A few other things to add:
• He's done an outstanding job managing Jorge Posada's heavy workload, keeping him effective all year long - there's virtually no difference between Posada's first- and second-half splits careerwise, and his September numbers have historically been strong. Granted, he won't have the DH to help Russell Martin out in the same way, but Torre was a catcher, and he understood the workload.
• Right now the Dodgers already have a deeper bullpen than the Yankees have had the last few years. In [Jonathan] Broxton, [Scott] Proctor and [Joe] Beimel, the Dodgers have three capable setup men, and that's not to say they won't be even deeper. Torre hasn't had more than one good righty setup at any one time in awhile, and his recent lefty relievers have primarily been LOOGYs or mop-and-bucket guys. Beimel is more of a Mike Stanton type, capable of pitching full innings without [his manager] worrying unduly about platoon matchups.
• Anyone pointing to Torre's lack of success in his pre-NYY days would do well to remind themselves that this Dodger club has far more to work with than some of those teams did, particularly in the rotation.
• Whatever the expectations are in L.A. with the ink still drying on Torre's contract, they're lower and more reasonable than they were in New York. Torre will do a good job of keeping the pressure off his guys by deflecting it towards himself, and this is a guy who can stand more heat than just about any manager I've ever seen. He'll demand accountability for the kind of BS that's gone on around problem children like Jeff Kent over the past few years, and I think he'll find his way through this mix of veterans and youngsters better than Little did last year.
Cliff did a particularly nice job of elaborating on the vets-versus-rookies topic:
Looking at the 2008 Dodgers," Corcoran says, "if the team decides to start the season with [Andre] Ethier and [Matt] Kemp in the outfield corners and [James] Loney and [Andy] LaRoche at the infield corners, Torre will give the youngsters a long rope.
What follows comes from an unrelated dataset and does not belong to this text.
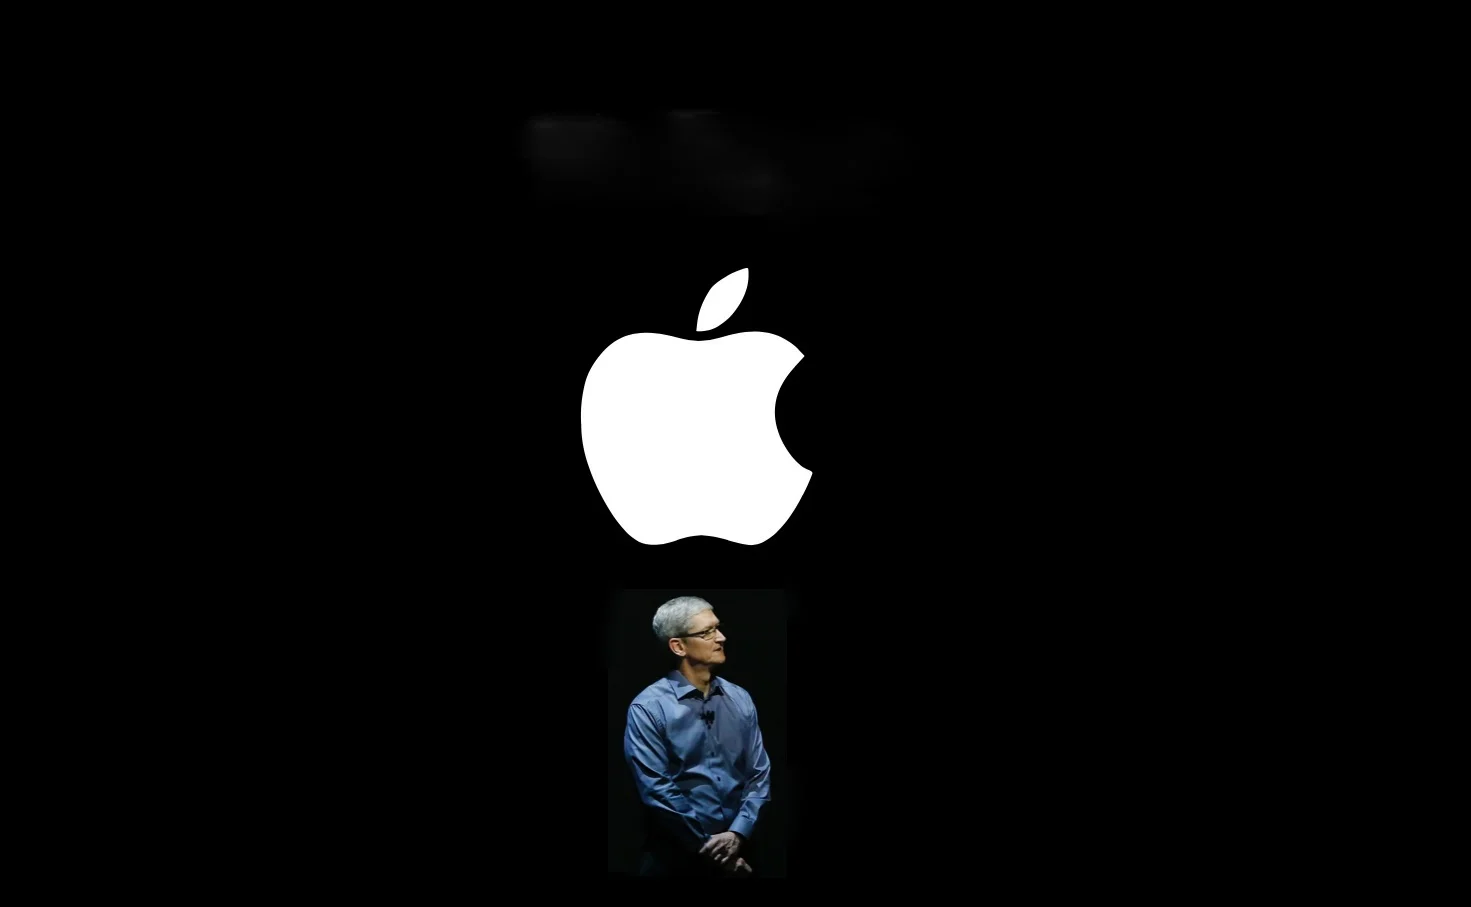 10 сентября компания Apple проведет презентацию, на которой представит iPhone 11 и другие новинки. В честь этого события мы решили проверить знания читателей по истории компании. Испытайте себя, даже если не любите «яблочные гаджеты». А вдруг вы знаете о гаджетах больше ваших друзей, кто пользуется техникой Apple?

A player has to be really bad for a really long time to lose a starting job he's been given by Joe Torre. The challenge for young players, however, is getting that starting job in the first place.
"If Ned Colletti brings in another 'proven veteran' outfielder, or if Nomar [Garciaparra] has a blazing hot spring training and reclaims the third-base job, you're unlikely to see a change in the lineup before June, if at all, no matter how poorly the vets play.
"The one exception there, particularly regarding Nomar, is injury. Torre is not above allowing a young player to Wally Pipp a vet. If the team and the youngster excel while the vet is on the DL, that vet could come back to a spot on the bench, as [Jason] Giambi and Doug Mientkiewicz did this year. Heck, even Johnny Damon lost his center-field job to injury this year, and he didn't spend a day on the DL. Of course it took until June for that to happen."
• On the possibility of Rodriguez to the Dodgers: I don't think the Torre hiring increases the likelihood that Rodriguez will sign with LA. For all of Rodriguez's claims that he loved playing for Torre, he had to feel rather betrayed by his manager throwing him to the wolves in that Tom Verducci Sports Illustrated article in Septmeber 2006, and in Torre batting him eighth late in the Division Series against the Tigers.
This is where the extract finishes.